I am okay with checkpoints, and I'd probably be okay with fingerprint scans. But I see nothing beneficial in the current immigration bureaucracy. I see no reason to interfere with people coming here to get a job.
That seems contradictory. On the one hand you have no problems with security measures at the border, but on the other hand you say that "workers" should not be interfered with. If we are to have freedom of movement across the border why should we have checkpoints? Conversely, if we can have checkpoints, why not have an immigration policy that controls border entry? Pretty much every country I know of does that.
When the laws essentially entrench a black market underground in immigration and labor trade, why would you expect a different outcome?
What I expect is not the issue. What's actually happening is. If a "black market" in labor allows in an extremely high number of immigrants and many of those are engaged in inappropriate behaviors, those same people (and a whole lot more) would enter the country and engage in those behaviors under an open border policy. To suggest otherwise is to suggest that a better class of people would visit my home in the wee hours of the morning if I simply left my door unlocked. Or perhaps it suggests that a terrorist with bomb making equipment might come to the border and say "Sweet Mohammed! How will I ever slip this material past those invisible guards?"
Perhaps, but someone crossing the U.S. border is not tresspassing on your land unless your land is on the border and the someone steps on your land.
Yes, they are trespassing on my land, because while the proprietor may be anyone from a private citizen to a business to the US Government itself, the border protects my nation from invasion. I don't own New York or the Pentagon either, but I still insist Al Quaeda attacked my land. The right of the individual to protect his own private property extends to the right of this society to protect its territory.
People move from state to state within the U.S. all the time, and yet I see no one saying that such a violation of private property. I see no reason at all why someone crossing the U.S border would be trespassing when crossing the nearest state-to-state border is not.
That's simply a false analogy. The relationship between the sovereign states established in the Articles of Confederation and perpetuated in the Constitution (and clarified in the fourteenth amendment) make state border control of individual movement moot. No such relationship exists with Mexico, Canada or any other nation. To look at it from another angle, if an illegal alien crosses the border from Mexico to Texas he has committed a crime. If he then crosses the border from Texas to Oklahoma, he has committed no further crime (at least I don't think he has). If Oklahoma catches him, they aren't sending him back to Texas. They're sending him back to Mexico.

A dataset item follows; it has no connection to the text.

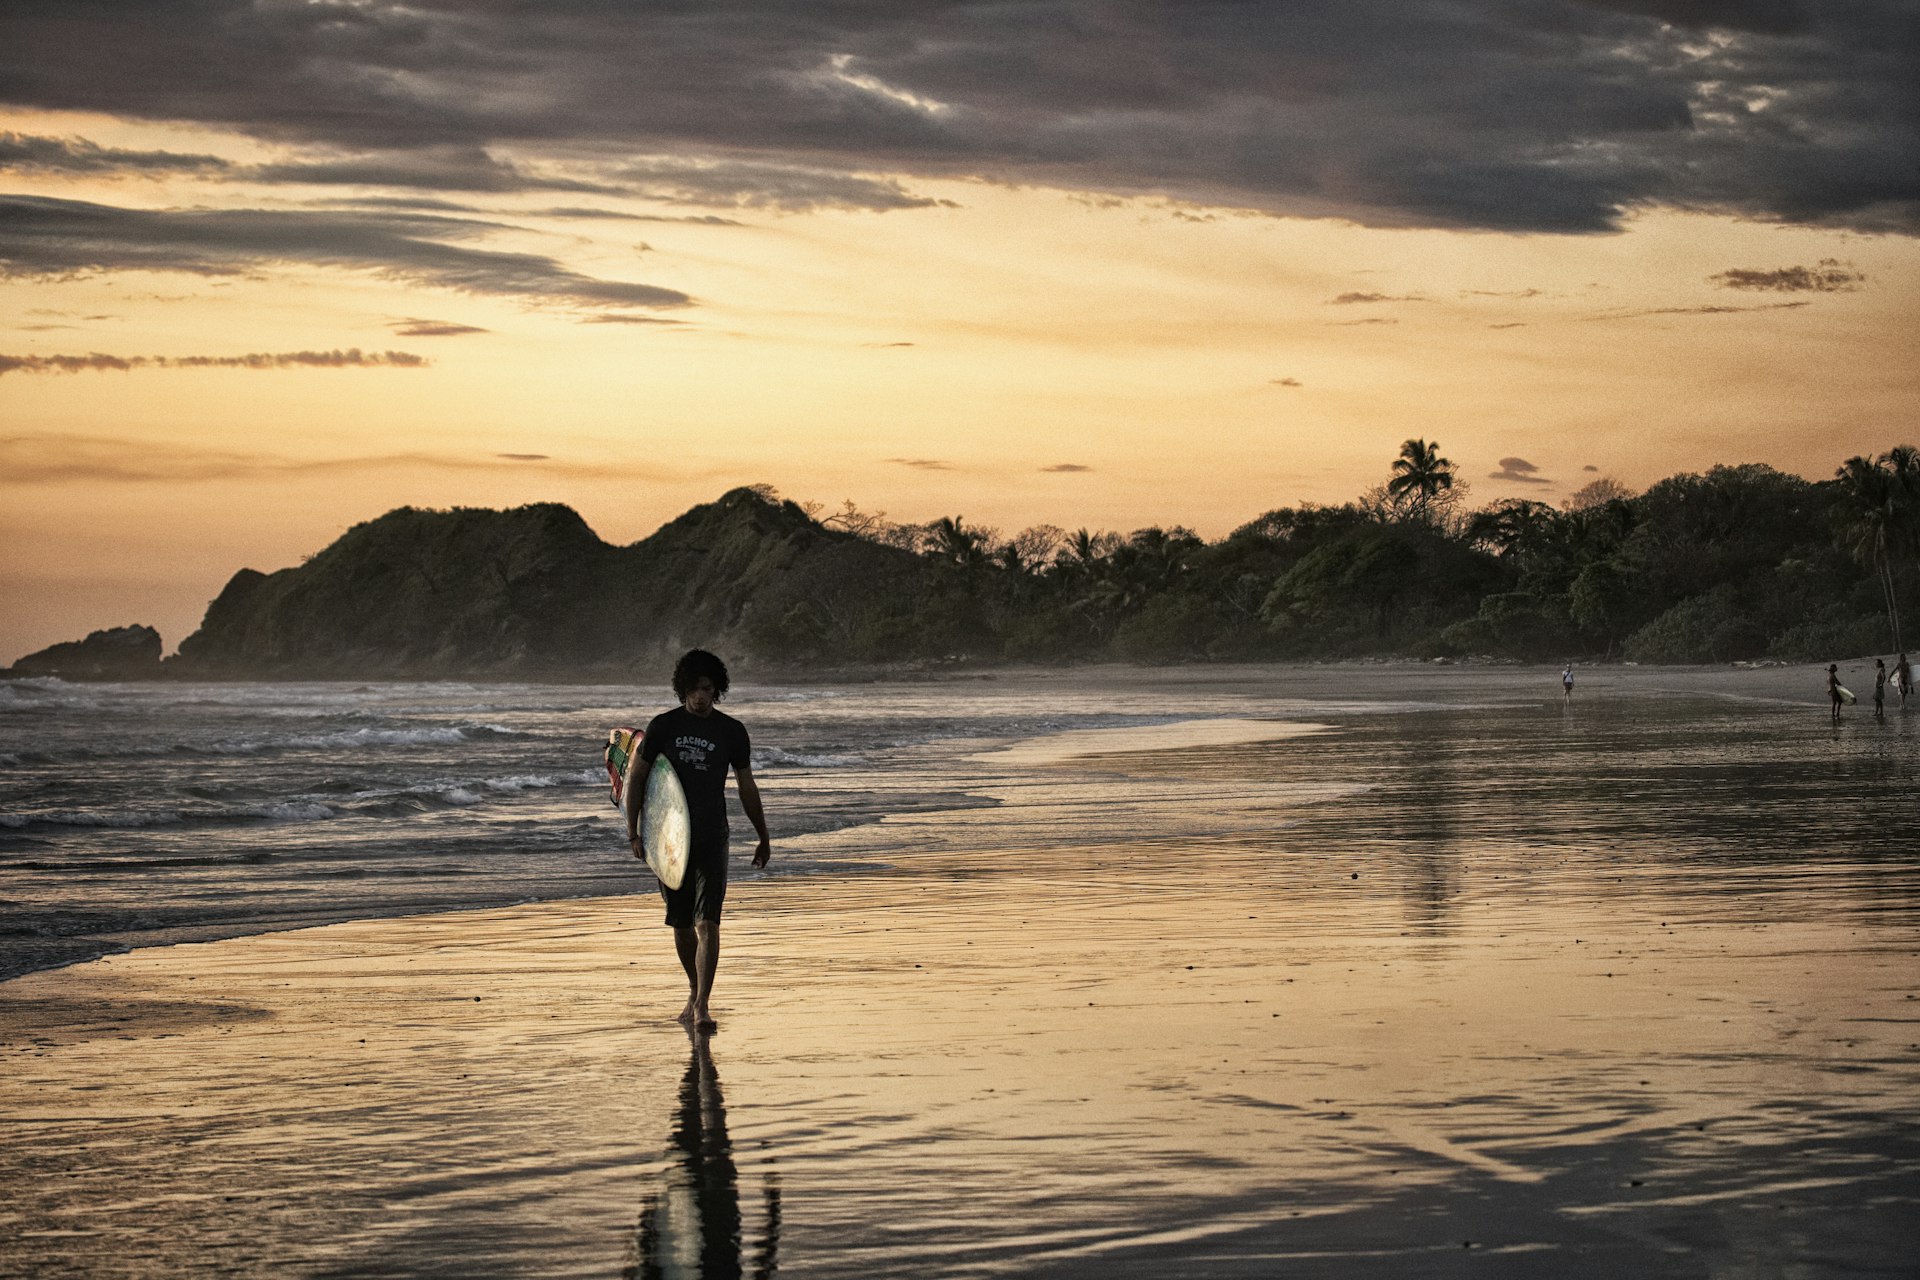 A surfer holding his board is silhouetted in the pink sunset light on Nosara Beach, Costa Rica

Someone coming here to find work is not stealing any more than someone moving from Wyoming to California to look for work would be stealing. Why can we allow one but not the other?
Because they are NOT the same. Someone traveling from Wyoming to California is a citizen of the United States - of which both states are members. Someone coming from Mexico is a different story. If they are coming legally to seek work that is NOT a problem. But simply ignoring the law is not asserting one's rights, but ignoring the rights of others. There are laws - such as Jim Crow laws - which are inherently evil and ought to be changed (and, while still in force, resisted). National immigration laws are not inherently evil. It is entirely possible, and in many cases quite probable, that there are serious flaws in some immigration laws that ought to be changed. But they do not equate to Jim Crow and the like. Acts of conscience like those of Rosa Parks, Martin Luther King or Sir Thomas More are courageous and praiseworthy. Jumping a border - especially when doing so for immoral reasons - is simple trespassing.

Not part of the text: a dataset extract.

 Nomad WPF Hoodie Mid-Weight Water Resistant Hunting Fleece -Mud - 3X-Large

Yes, I know it's a national border, and I am willing to make allowances for that.
As you are comparing interstate travel of legal citizens with international travel of illegal aliens I find that concession puzzling.
But I see no good reason to trample on the poor immigrants and would-be immigrants who want to do what people within the country do all the time: find employment in a different place.
Let them do it legally. I have no problem with that. If a person from another country enters this one in an APPROPRIATE manner with the intent to seek a better life by ABANDONING his previous one and ASSIMILATING into this culture, fine. Even if he only intends to be here temporarily and obtains the appropriate work visa, I haven't the slightest problem. But don't come to my country illegally - and don't come here legally and try to turn it into YOUR country.